Your objective. Your job is to retype all of the data word for word, leaving every image out.

*** Opening Exercise data ***

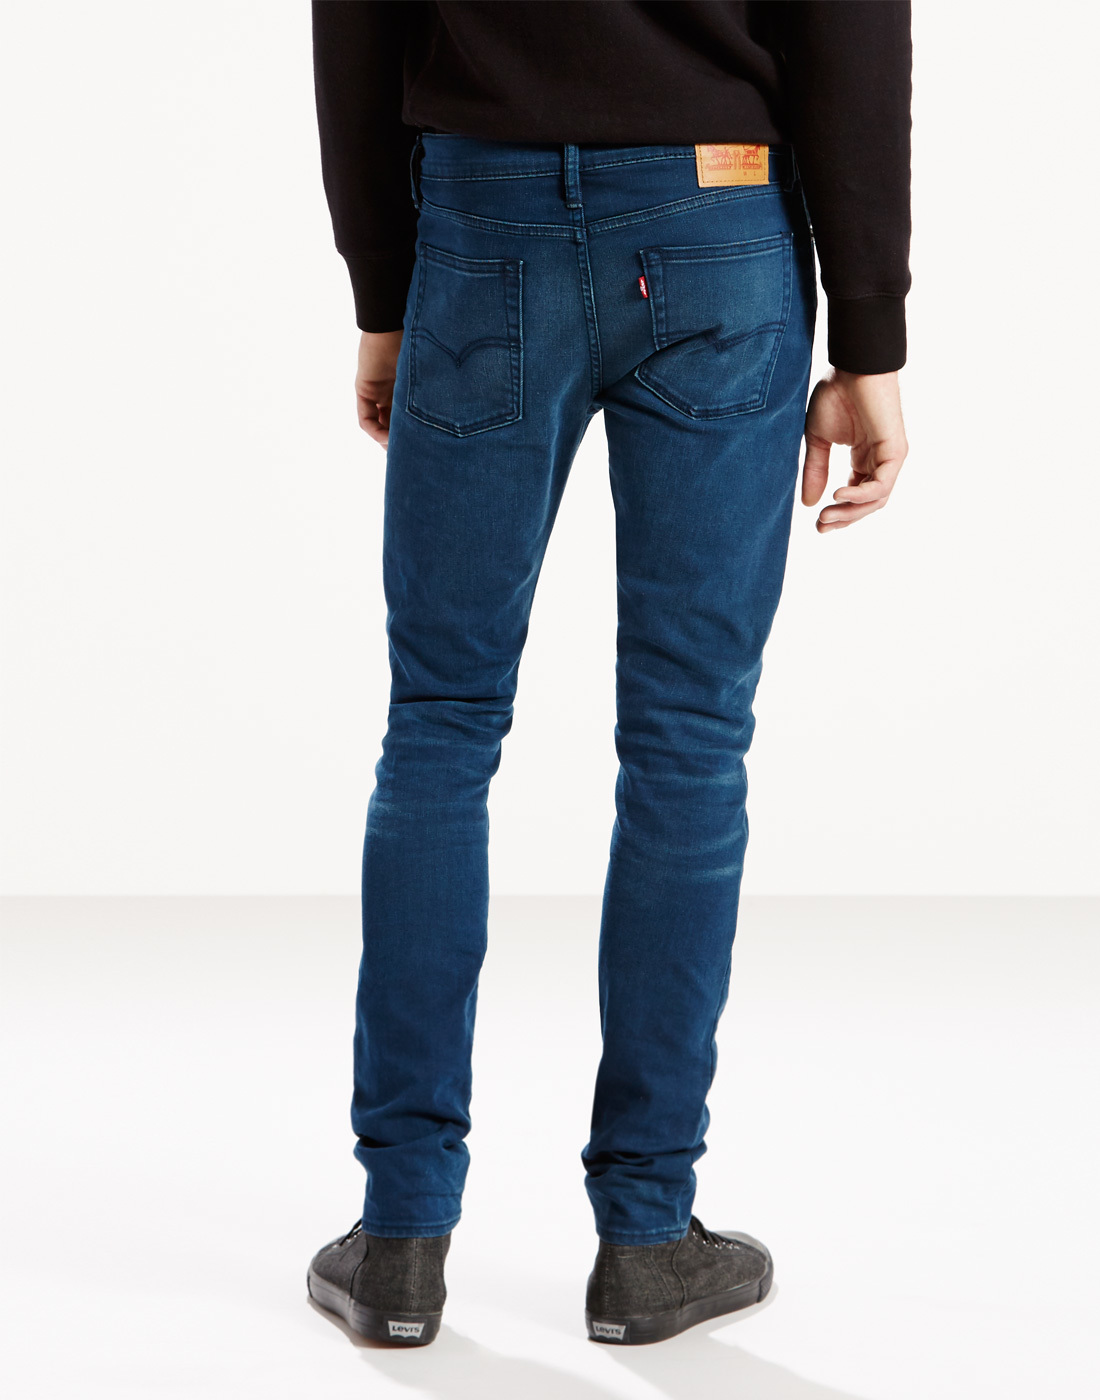 LEVI'S® 510 Retro Indie Mod Skinny Mens Denim Jeans in Red Fern
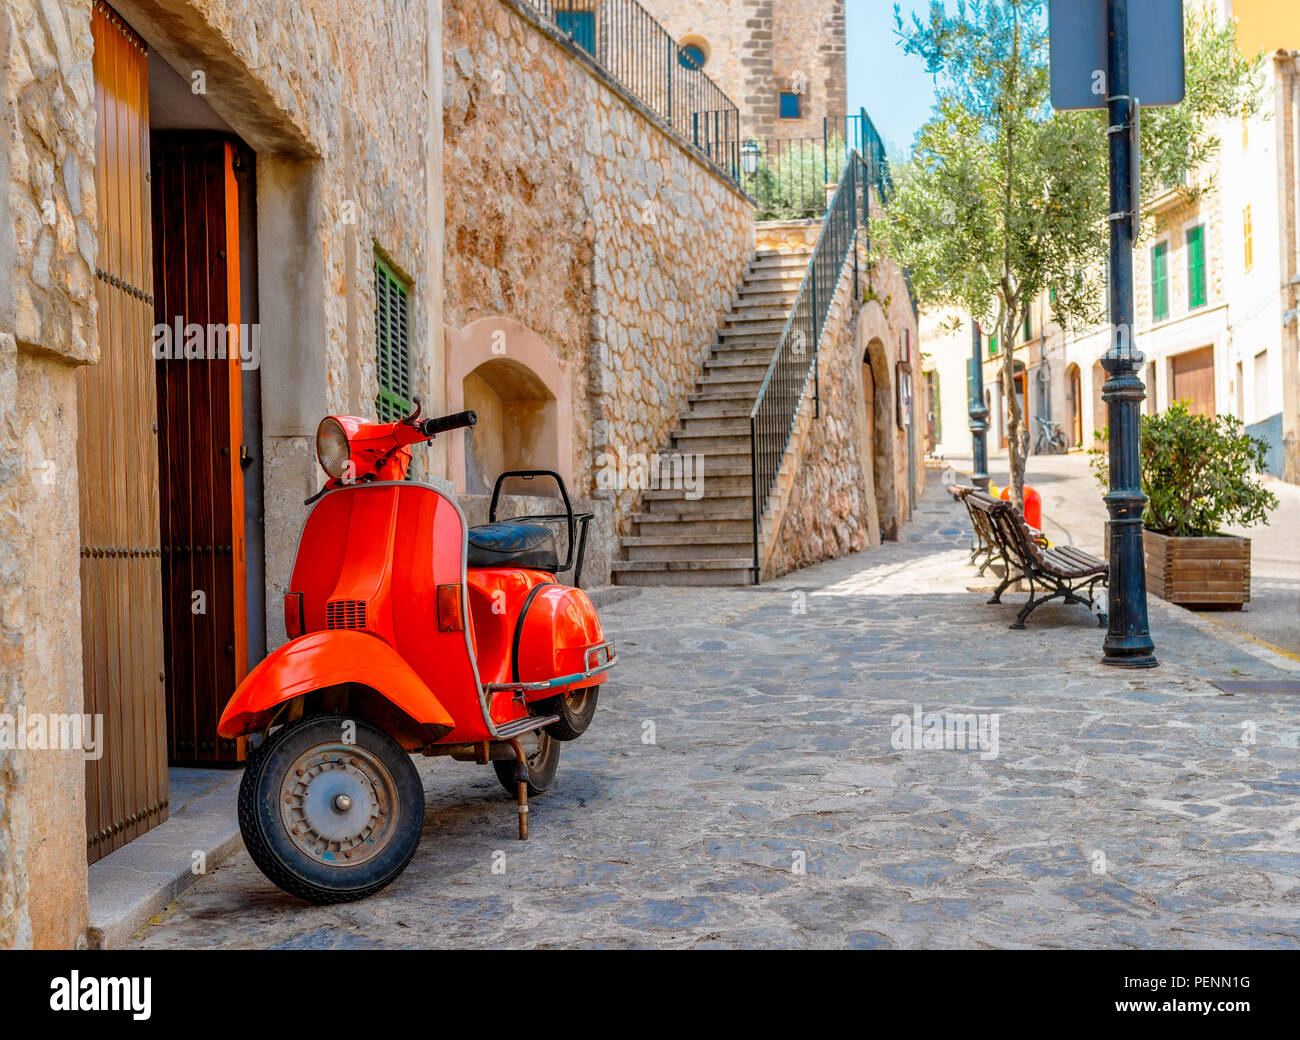 Vintage motocicleta roja estacionada en la histórica aldea española Foto de stock
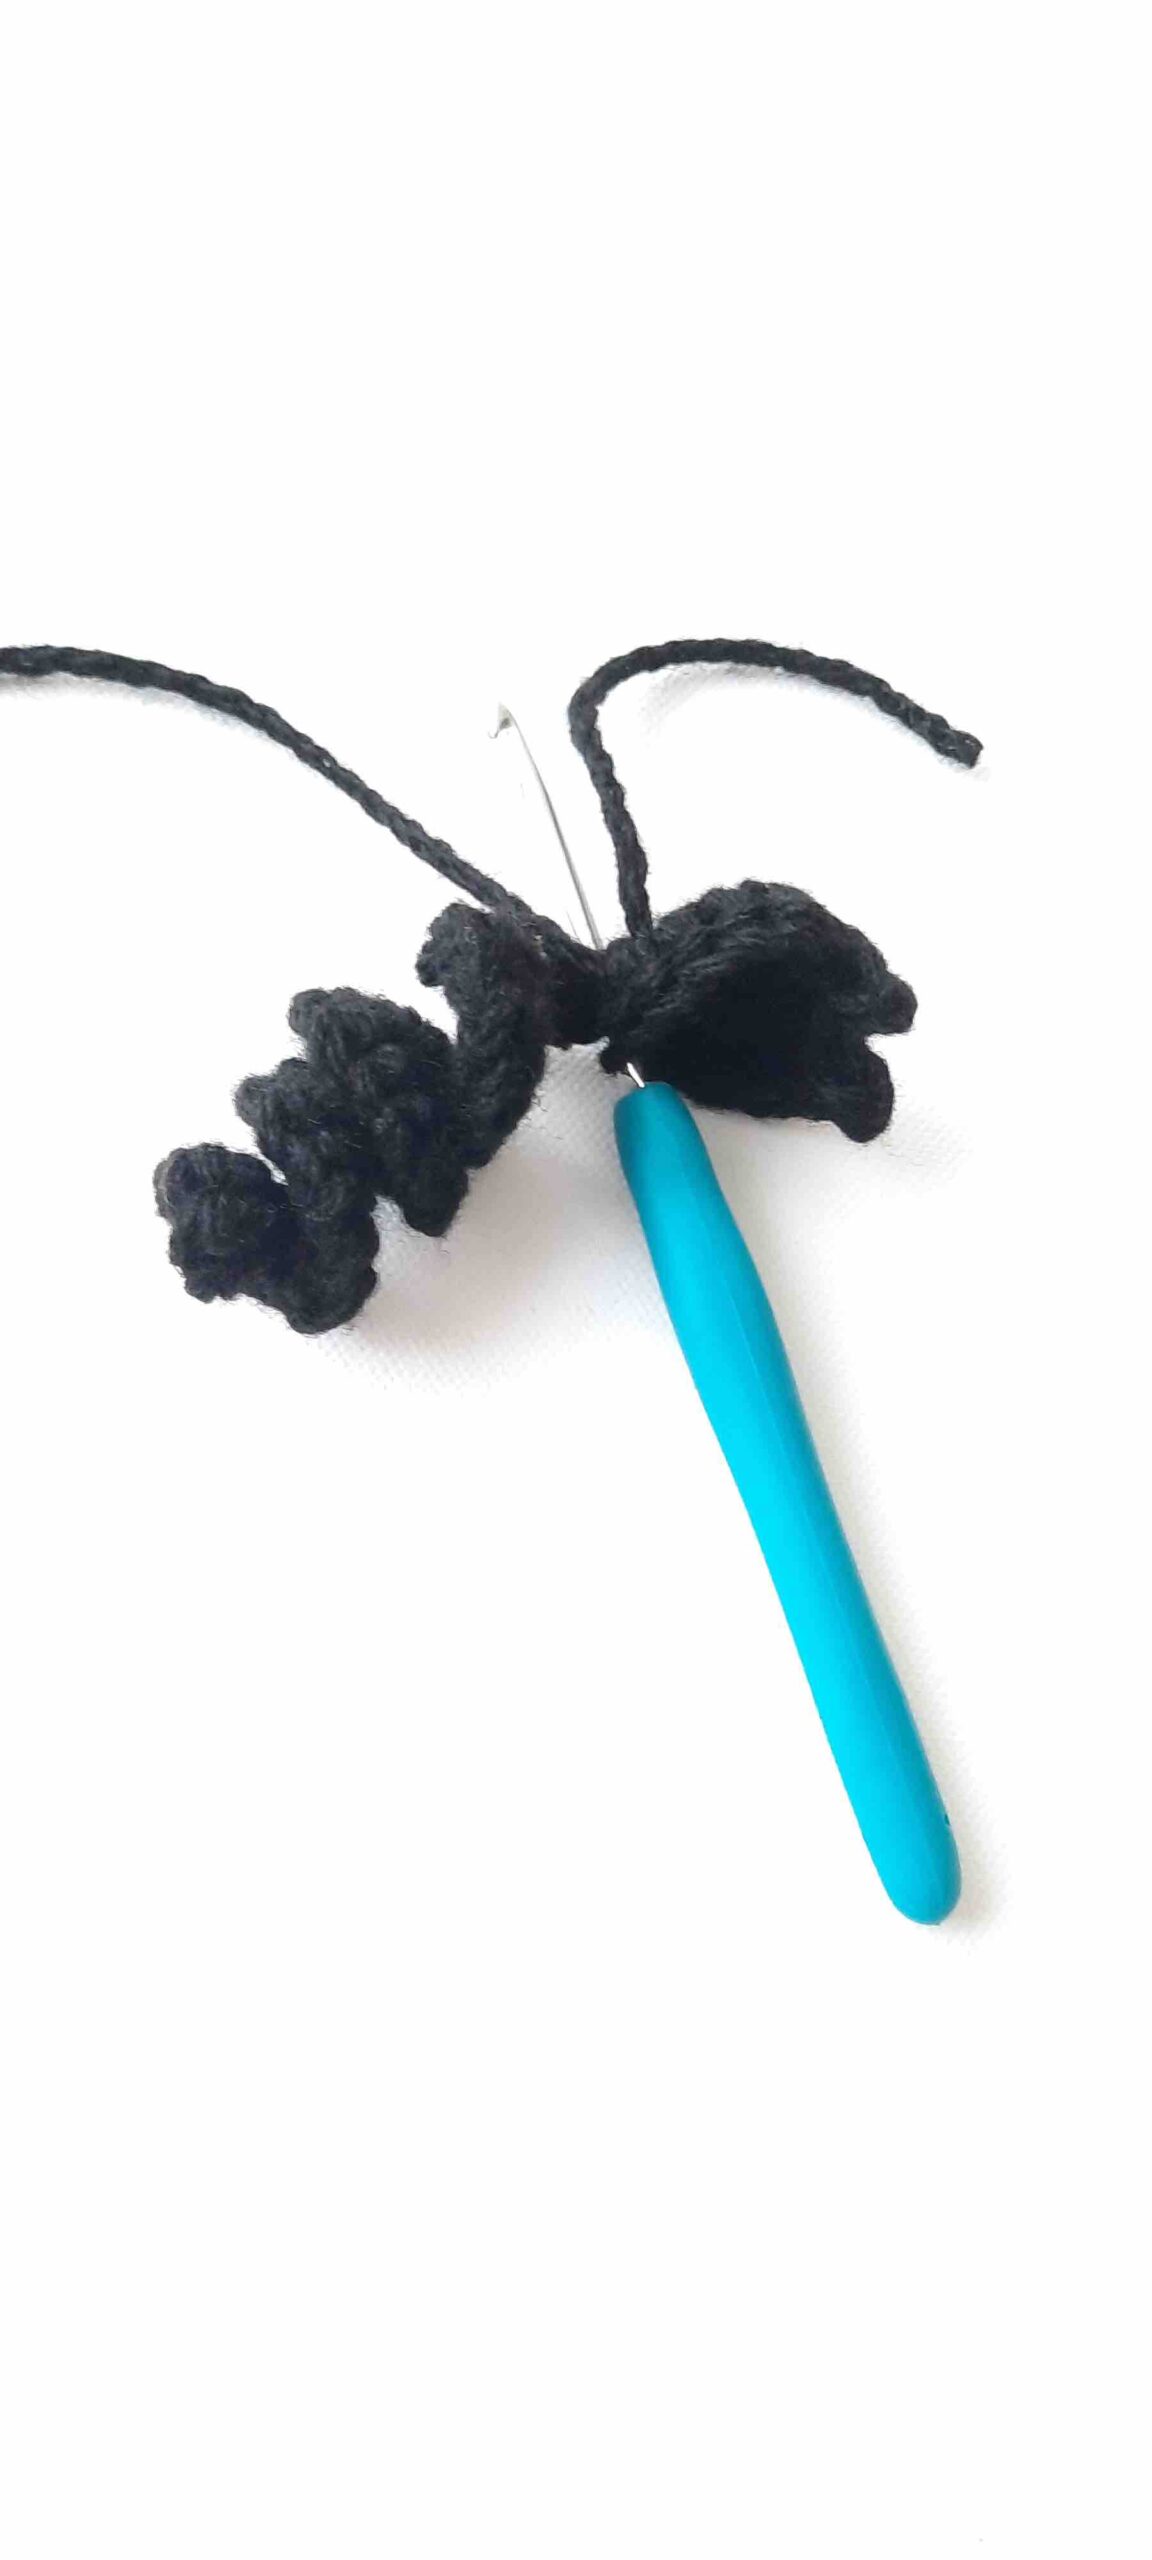 crochet patterns black cat

*** Closing Exercise data ***

Result of this exercise.
 LEVI'S® 510 Retro Indie Mod Skinny Mens Denim Jeans in Red Fern
 Vintage motocicleta roja estacionada en la histórica aldea española Foto de stock
 crochet patterns black cat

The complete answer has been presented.